More bloody Jodorowsky
King Shot was due to start shooting this month, if anyone's interested, but it's not clear whether it actually did or not.
Some strange comments upthread about The Holy Mountain feeling like the product of drug-related psychosis. I've never had that vibe at all; Jodorowsky's never been a drug or alcohol user, either.
Also: anyone who's read Mount Analogue and watched The Holy Mountain will know that suggesting the latter is "based on" the former stretches the phrase to breaking point. Mount Analogue is a fine little adventure story with a divertingly weird 'spiritual' aspect to it, but really the film owes no more to it than the idea of rounding up some people to climb a mountain, which it doesn't really begin to do until halfway through.

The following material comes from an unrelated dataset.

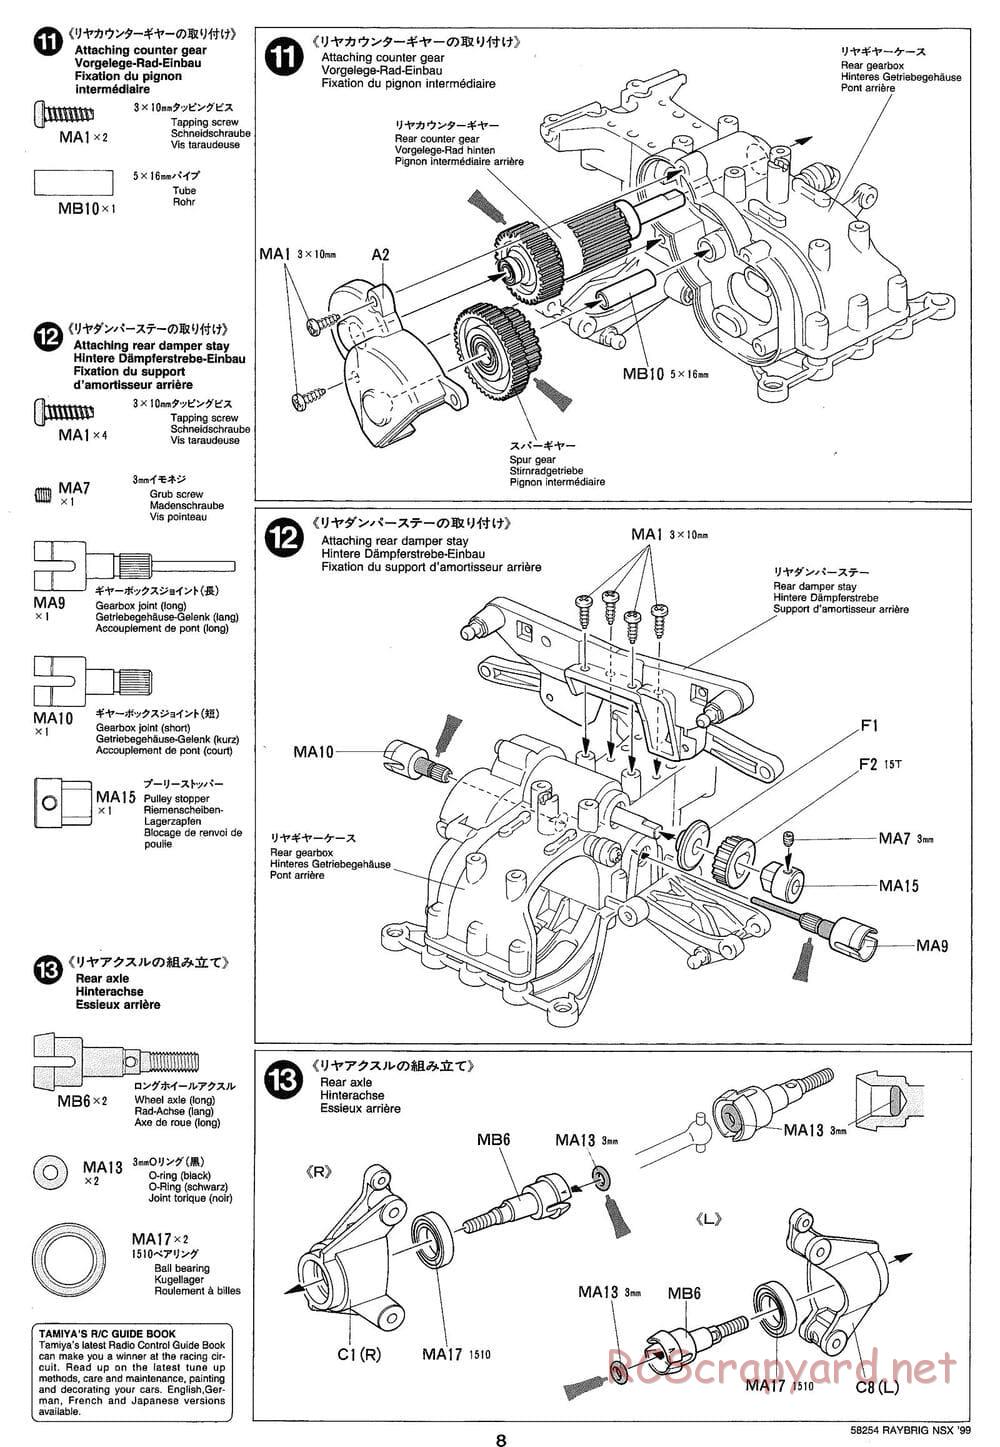 Tamiya - Raybrig NSX 99 - TA-03R Chassis - Manual - Page 8

Perhaps it's partly down to the translation, but I didn't find Mount Analogue that great a novel, I have to say. It doesn't yield much: there's almost a sense of given superiority that Daumal/his main protagonist is on such an important quest that he doesn't have to open it up, or the experiences that led to it, for plebs like us. I think the Gurdjieff influence did him no favours at all; its kind-of-prequel, A Night Of Serious Drinking, is fist-chewingly awful for the most part. He's going for Swiftian satire in that one, but he's hopelessly out of his depth: his starting point seems to be unstated esoteric ideas, so what you're left with – again, only more so – is an unexplained sense of superiority bordering on adolescent misanthropy. And you don't want misanthropy from your spiritual questers, now, do you?
It's a shame, cause I was really looking forward to reading them, on the grounds that I've discovered lots of fascinating stuff through Jodorowsky interviews, DVD commentaries and the like – mainly things you tend not to come across in Anglophone culture.